保時捷356A。

琴酒似乎終於相信了緋裡奈的解釋。

車快速的開著。

“外套脫了。”琴酒突然開口。

“……”緋裡奈沒有說話,但是以一種怪異的眼神看著琴酒。

“把外套脫了。”琴酒重複著。

緋裡奈搖搖頭。

“面癱,這種意味不陰的話還是少說。”她一邊說著,一邊解開自己衣服的口子,露出精緻的鎖骨。

“你會想歪?”琴酒反問到。但是一點都沒有因為緋裡奈的動作顯得有一絲一毫的怪異。

緋裡奈已經扯掉了外套,將外衣全部脫掉,上身只剩下一件內衣。光潔如玉的肌膚上,似是無暇的純潔美好。

但是琴酒看的卻是緋裡奈身上那些已經難以抹去的傷痕。

在女孩的左胸口,可能應該是心臟的地方,一個較為陳舊的槍傷猙獰地趴在女孩的肌膚上。

緋裡奈也低頭,看著身上或深或淺的傷口。這是這個組織給她的印記。

心臟中的傷口,曾經幾乎要了她的命。

“已經快好了。”緋裡奈慢慢穿回衣服。“不用那麼擔心。我還不至於就這樣死了。”

“不會擔心。”琴酒淡然回答著。“只是,金菲士很難再找了。”

“我的榮幸。”緋裡奈穿好了襯衫,但是沒有急著穿外套,甚至沒有扣好最後幾顆釦子,有什麼東西在女孩胸口若隱若現。她看著琴酒,似乎在挑動什麼不安分的因素。

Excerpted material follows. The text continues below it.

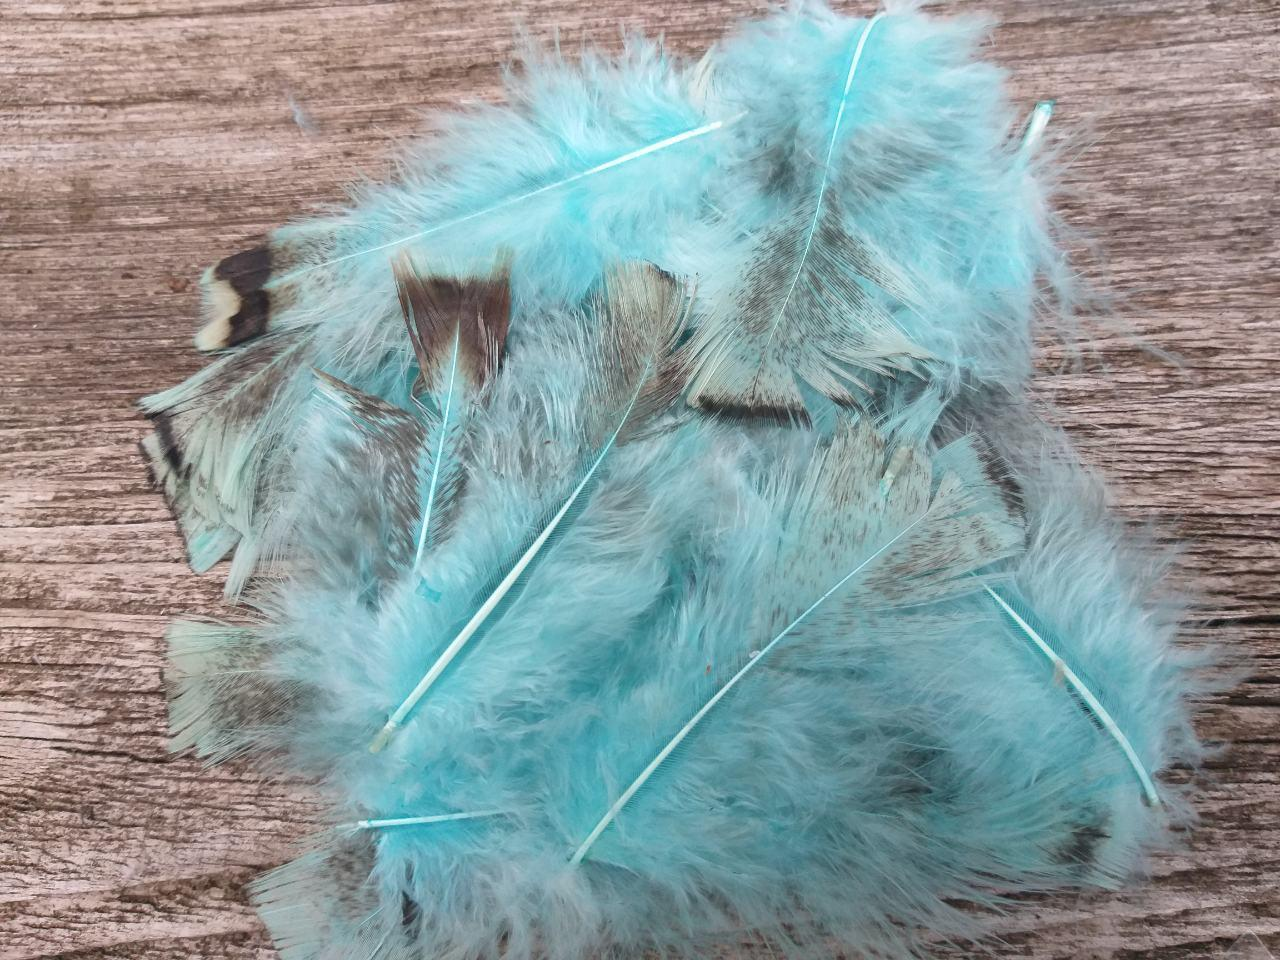 Маленьке пухкеньке пір'ячко голубого кольору, 10 шт. в упаковці, довжина пера 8-16 см., 25 грн.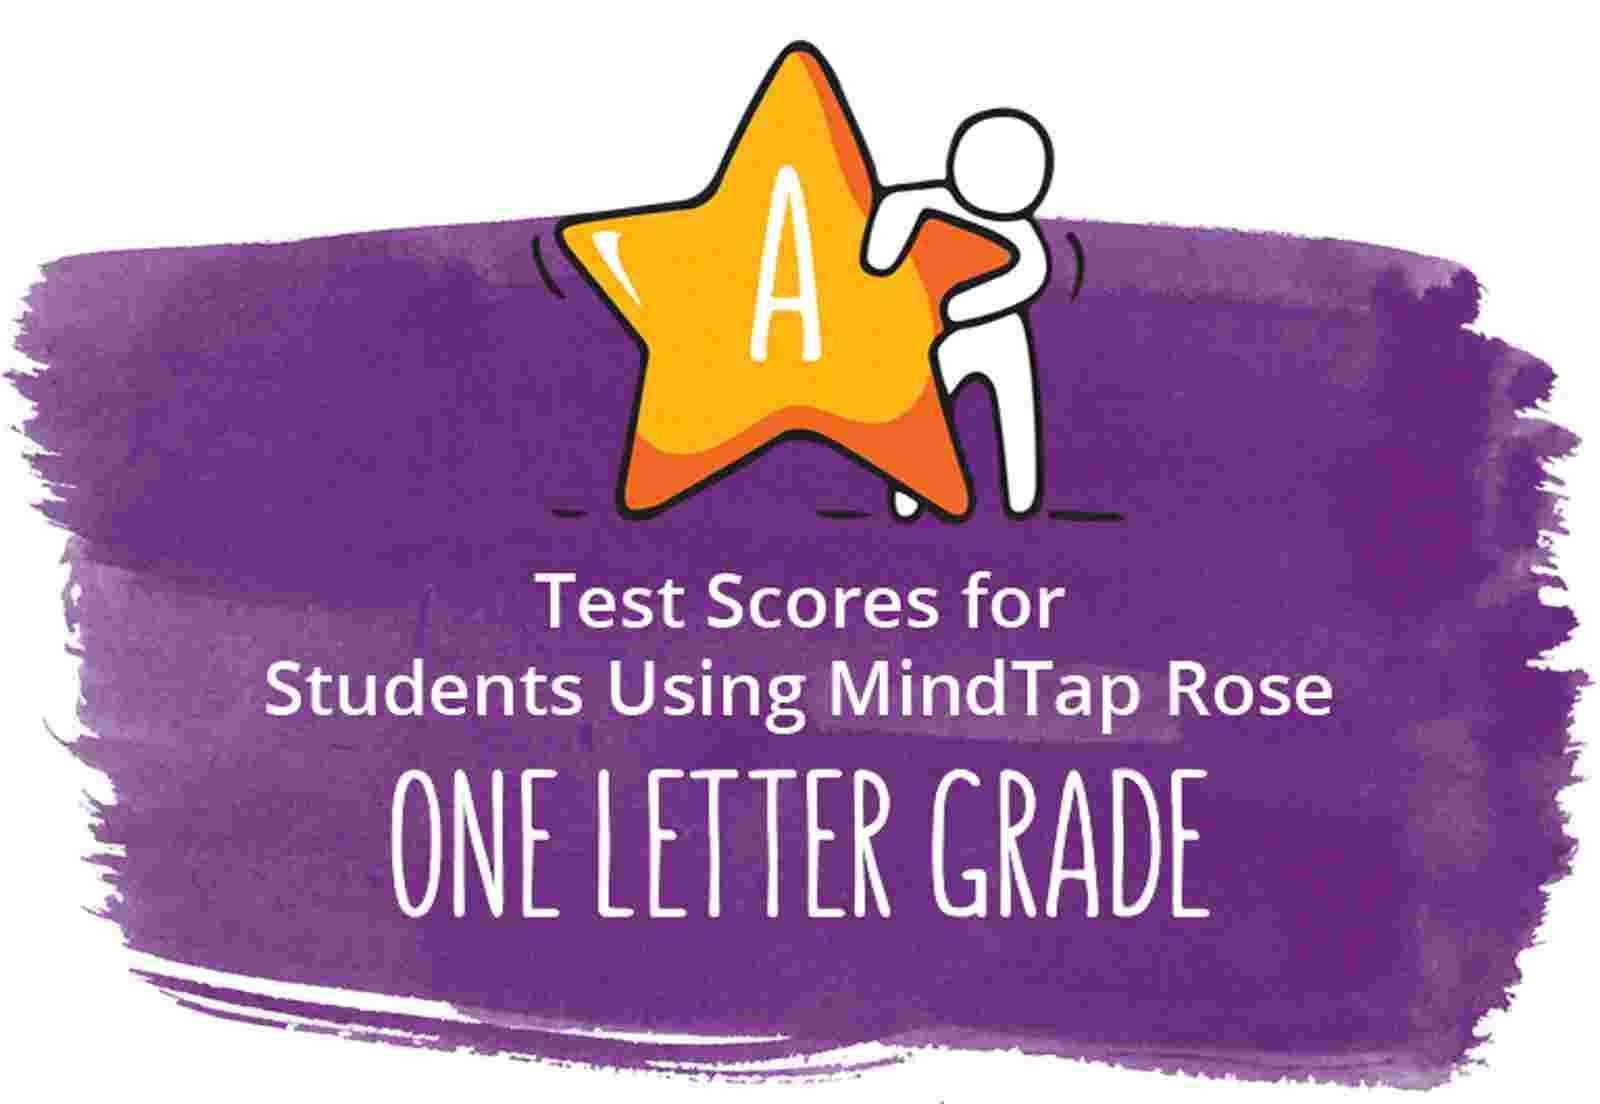 Test scores improved 11%

“如果我是這麼難得的金菲士的話,為什麼你不會多珍惜我一點?畢竟我這麼難得,你不討好我,我就要和貝爾摩德跑了。”

琴酒突然露出讓緋裡奈感到莫名奇妙的微笑。

“你就跟著她跑吧。”他似乎無所謂地說到。“跑之前把衣服穿好。”

“切,面癱。”緋裡奈還是一副面癱臉,默默地把衣服穿好。“貝爾摩德也是個騙子,她說的方法沒有一個管用的。”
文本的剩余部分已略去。